Letting the proper amount of daylight into a space can be a complicated process. Although windows provide much-appreciated and beneficial views to the outdoors, they can also cause uncomfortable indoor temperatures, glare, fading, and high utility bills.

Clovis Unified School District’s Buchanan High School staff members experienced this dilemma firsthand. Built in 1993 in Clovis, California, the 440,000-square-foot two-story building still had its original, single-glaze, non-tinted windows. The district’s maintenance department was noticing more complaints about uncomfortably hot indoor temperatures.

Solar heat gain was contributing to rising indoor temperatures, making students and staff members uncomfortable in classrooms and offices. The HVAC system couldn’t keep up with the cooling requirements of the space due in part to the amount of heat coming in through the windows.

But as much as the maintenance department needed to reduce solar heat gain, staff members didn’t want to do anything that would darken the glass, obstruct their views, or reduce the amount of natural light coming into classrooms and offices.

The district chose to install EnerLogic 35 low-e window film on a few school office windows to test the results. Immediately after installation, staff members noticed a decrease in heat levels and an increase in comfort levels. As a result of the test, the low-e window film was included in the school’s modernization project, which was focused on reducing energy use (specifically HVAC costs). Government rebates and incentives made the window film installation an even more realistic option for Clovis Unified School District.

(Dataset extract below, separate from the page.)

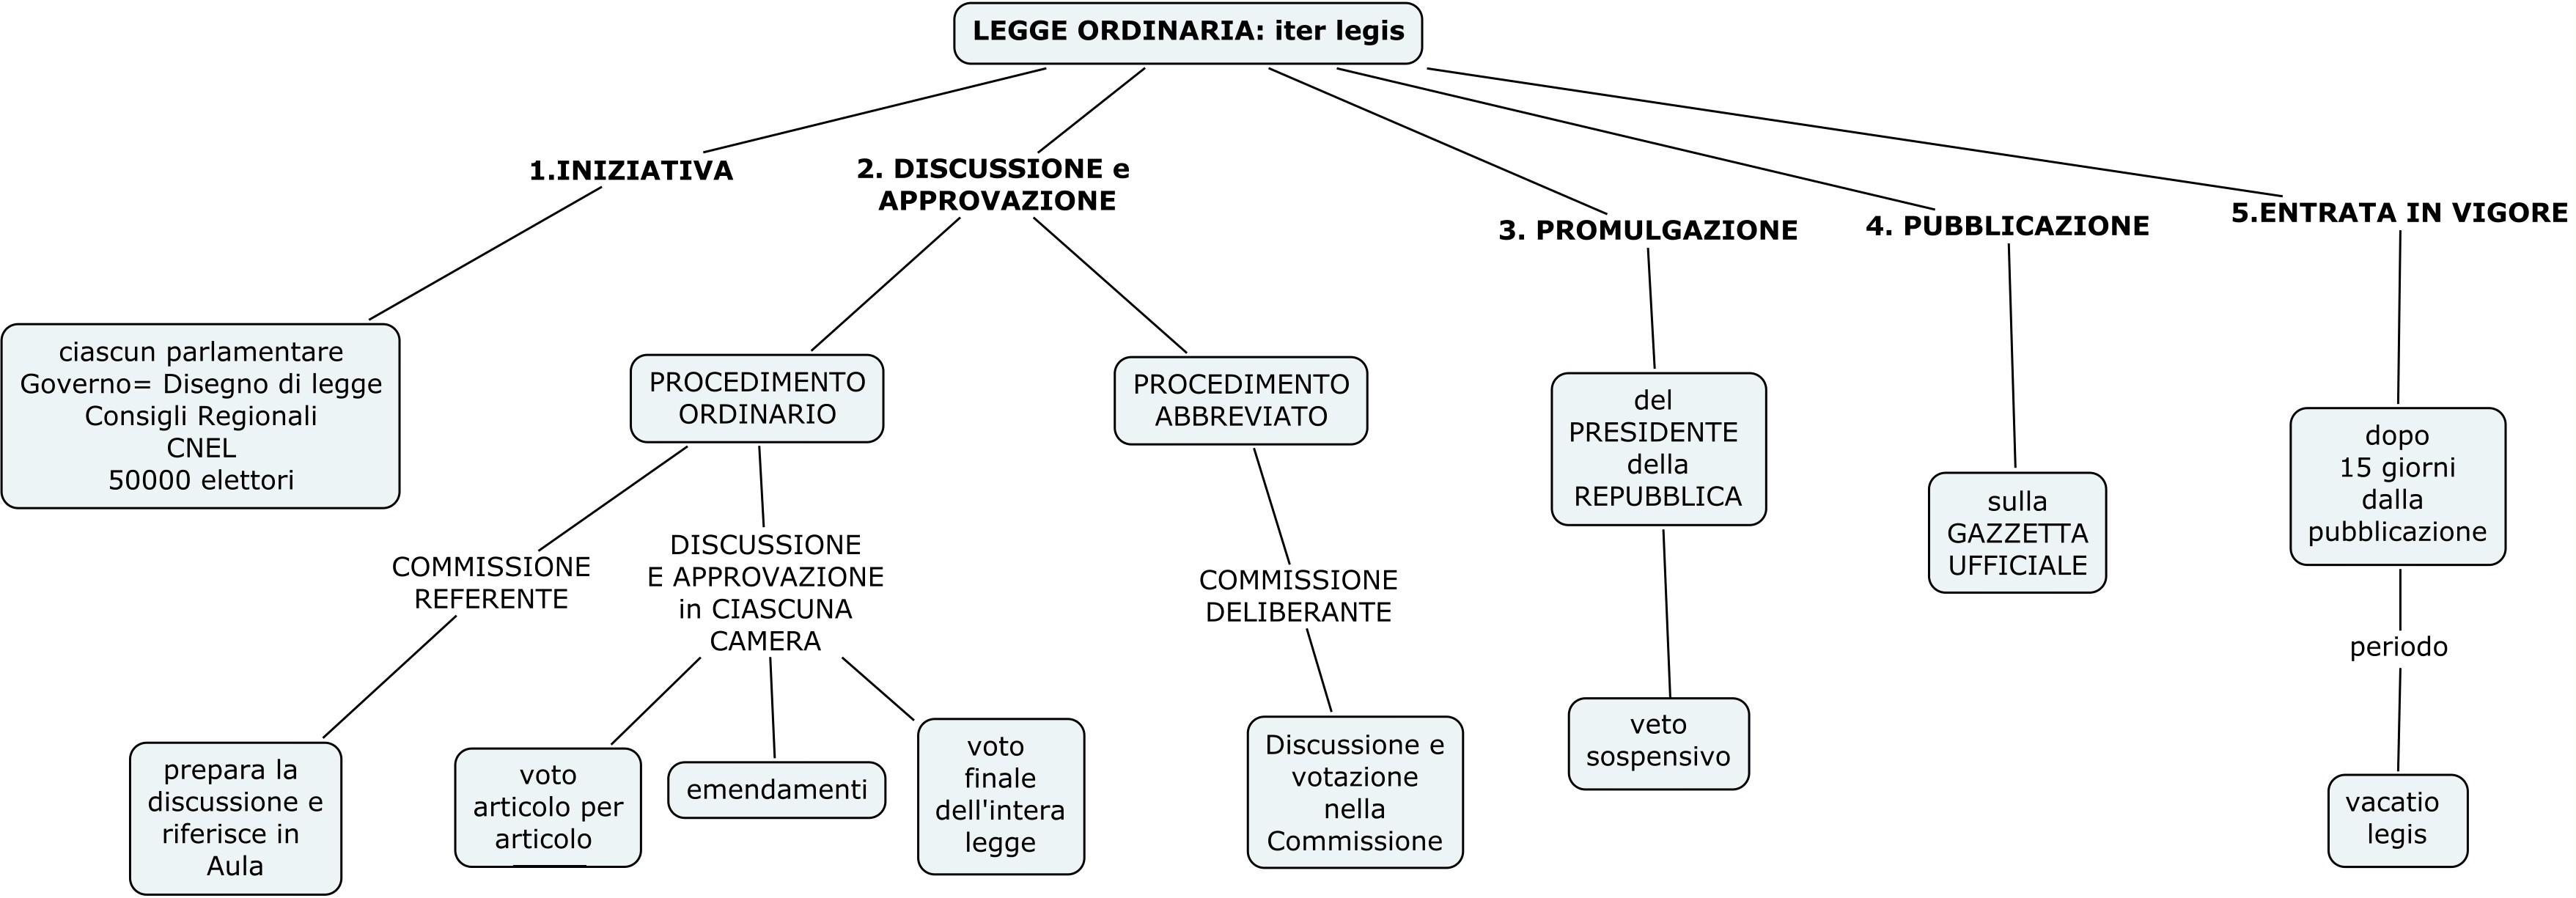 Classi seconde mappa su iter legis il blog della prof for Composizione senato italiano

EnerLogic 35 low-e window film provided a uniform look for the exterior of the high school without darkening the windows or being too reflective. Because the window film doesn’t block views, students and staff still enjoy the outdoor landscape and reap the benefits of daylight coming into the school. The window film also eliminated hotspots throughout the school, offering a more consistent indoor temperature.

How do you handle requests about uncomfortable temperatures or hot spots throughout your building?